Bagaimana Artikel Opini Pengaruhi Pembacanya?
Penulis freelance, sebut saja demikian, sebenarnya sudah lama dimanfaatkan dalam berbagai “perang” opini, khususnya dalam kontestasi pemilu.
Biasanya penulis freelance atau penulis lepas masuk dalam tim media yang menjadi bagian dari tim sukses peserta pemilu.
Prabowo yang Dikeroyok Media
“Endorsing Jokowi” tulis harian The Jakarta Post sebagai judul editorialnya pada 4 Juli 2014 atau 5 hari jelang Pilpres 2014.
“Kami tak diam saat reformasi. Begitu pun kami tak pernah segan ketika ada penyalahgunaan kekuatan atau hak asasi yang dilanggar.”
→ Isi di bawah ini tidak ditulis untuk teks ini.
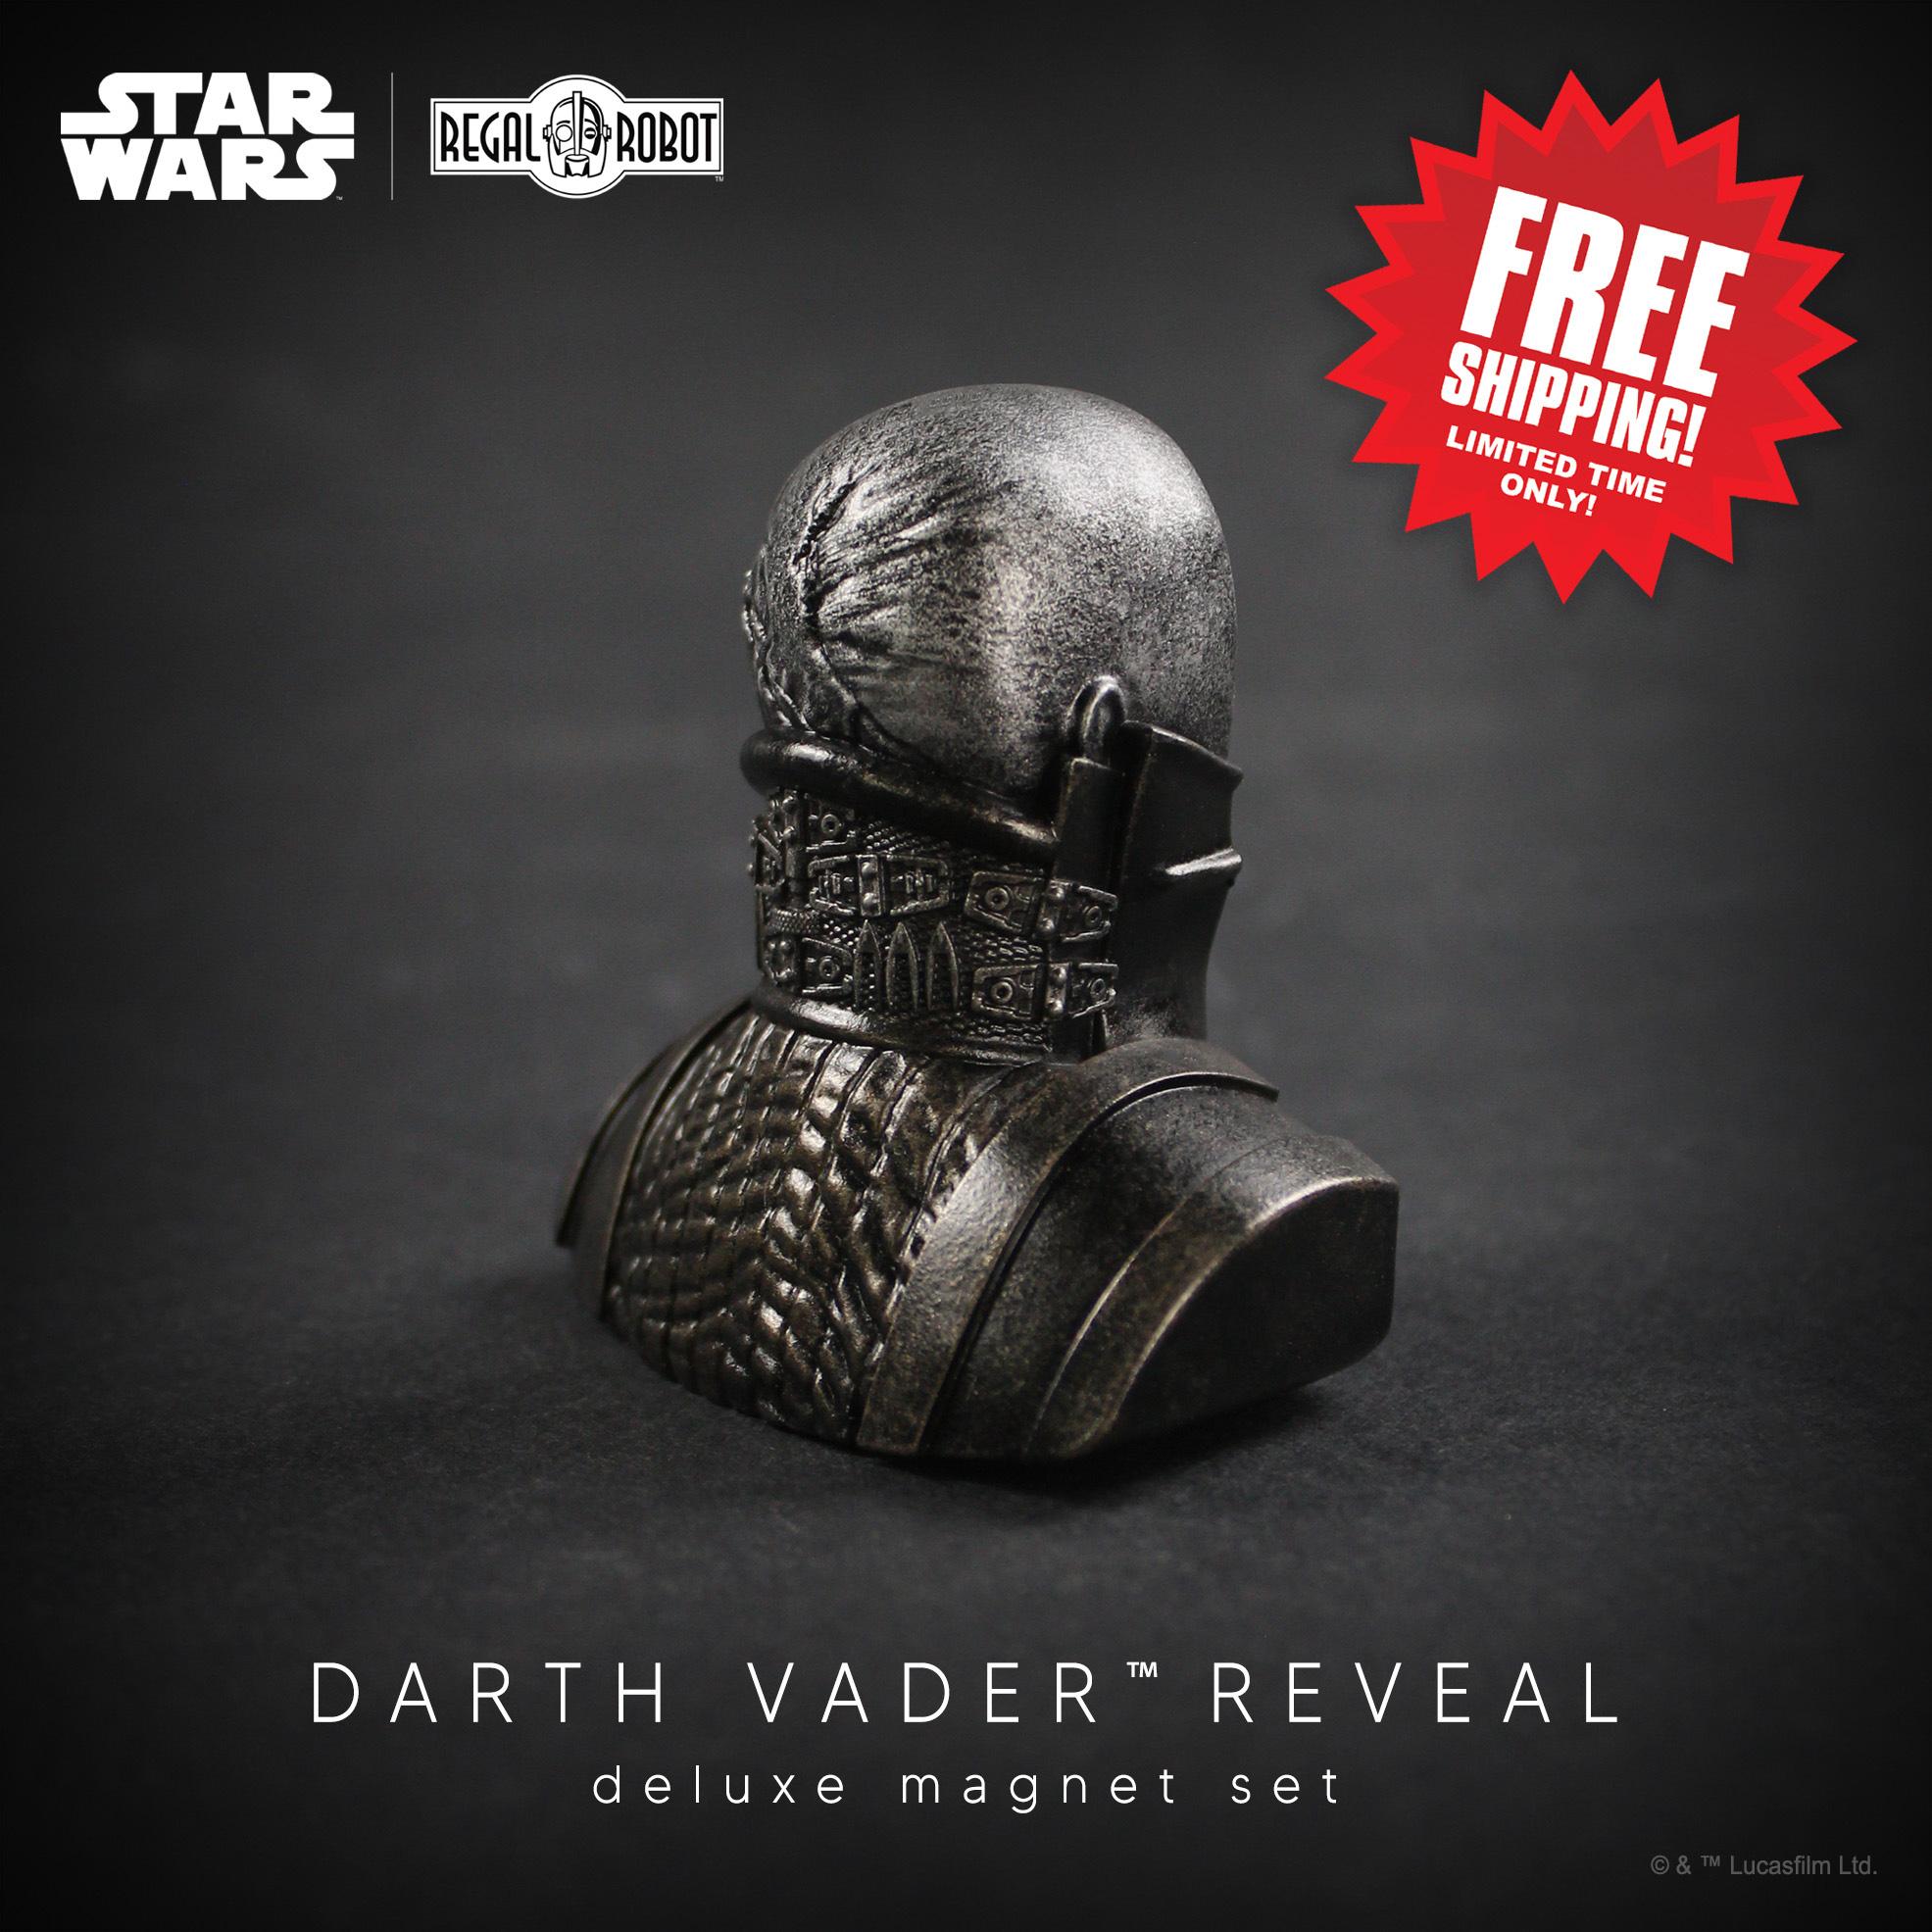 Darth Vader meditation chamber reveal sculpture magnet
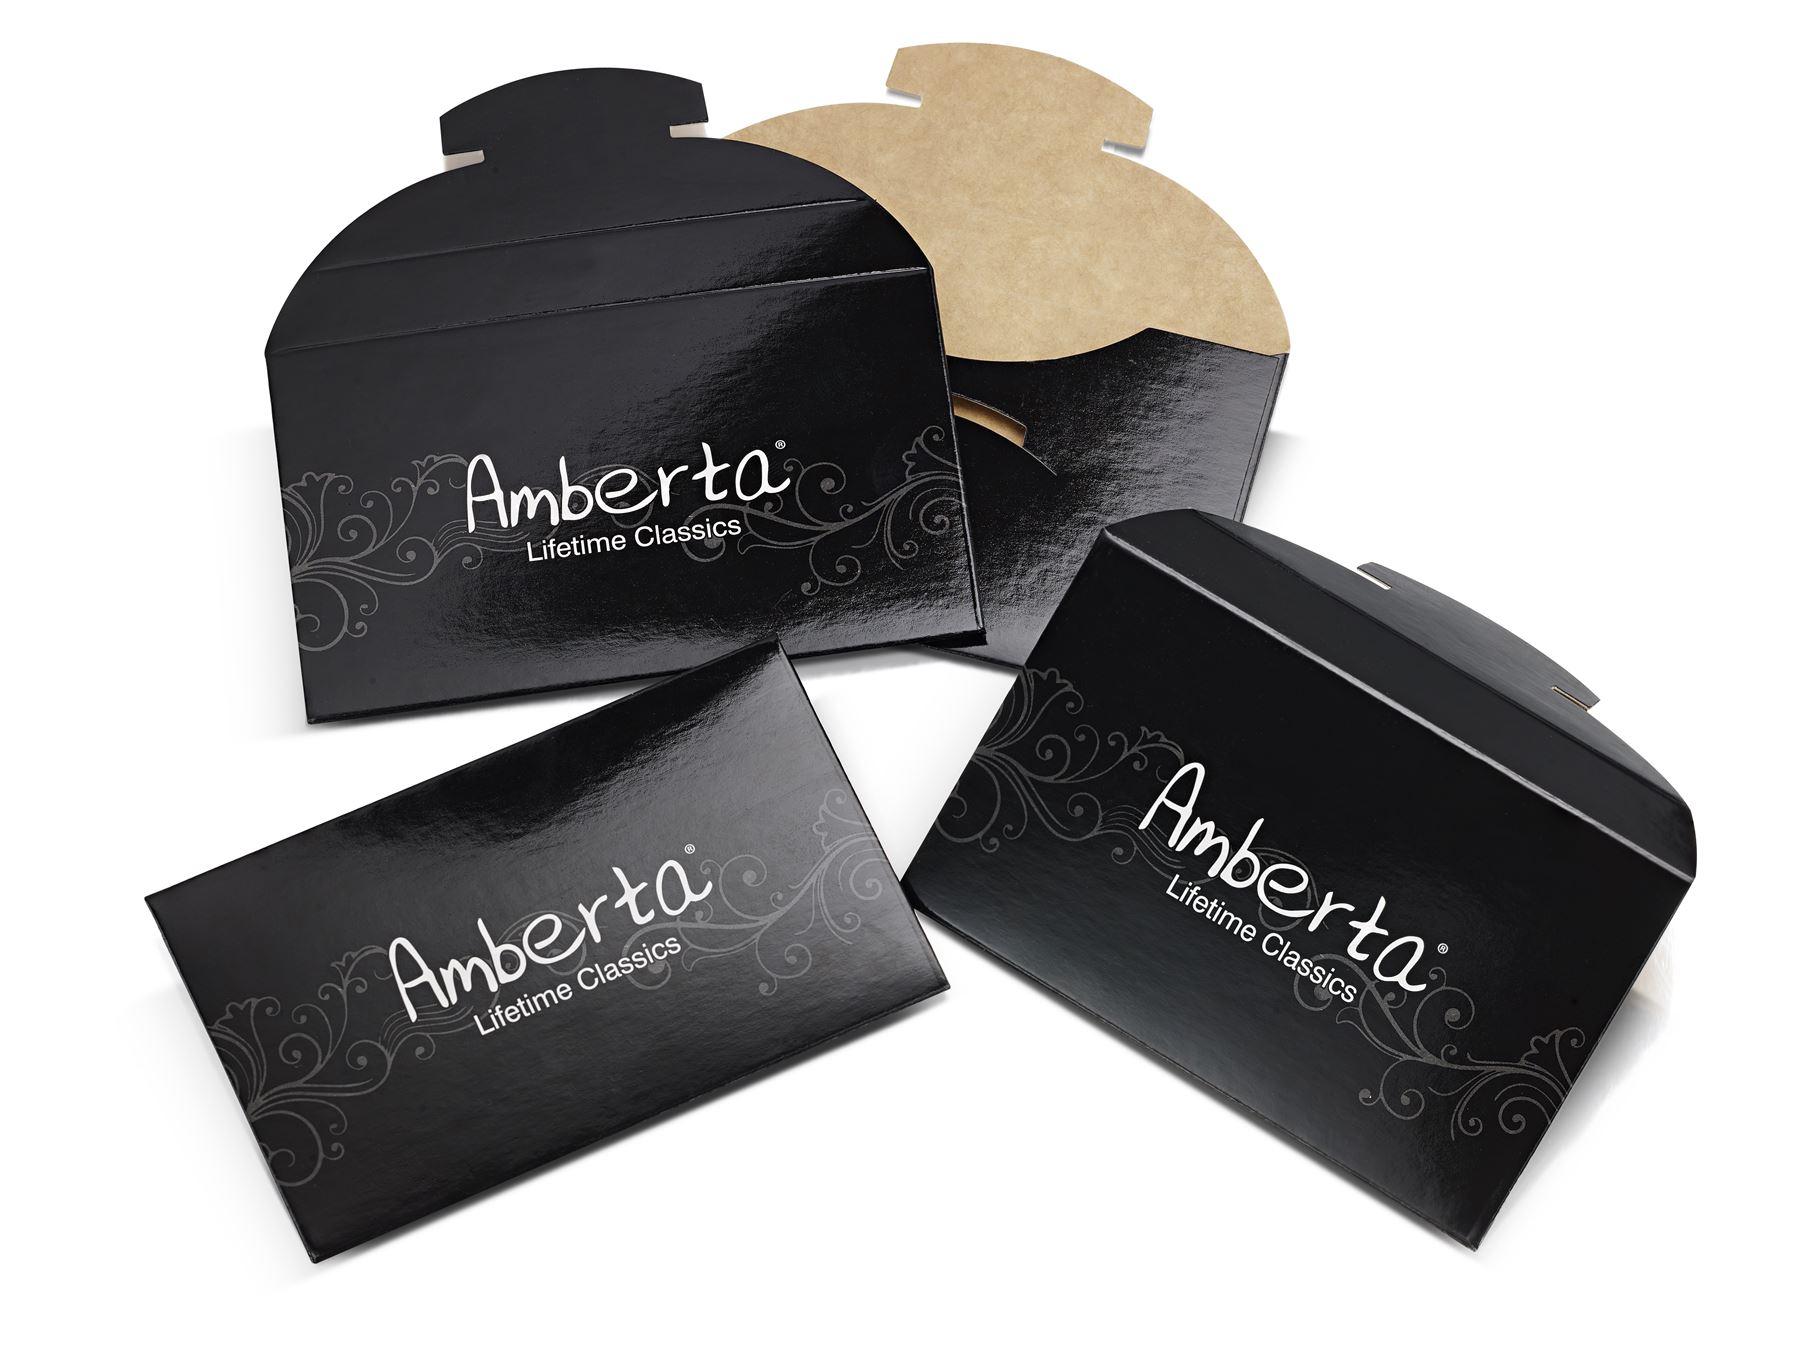 Amberta-Jewelry-925-Sterling-Silver-Adjustable-Bracelet-Italian-Bangle-for-Women miniature 79

Itulah kalimat pada paragraf kedua yang ditulis media berbahasa Inggris itu.
Kala itu, The Jakarta Post menjadi satu-satunya media yang secara blak-blakan menegaskan sikap politiknya. Sementara, meski tak diungkapkan, media-media lainnya pun mengemas dukungannya kepada Jokowi lewat framing-framing pemberitaannya.

Selain media arus utama, Prabowo juga mendapat gempuran dari artikel-artikel opini yang diunggah oleh penulis freelance pada berbagai website dan blog.
Belum lagi buzzer-buzzer yang diorkestrasi untuk menyemburkan berita-berita dan opini-opini negatif tentang Prabowo dan pasangannya.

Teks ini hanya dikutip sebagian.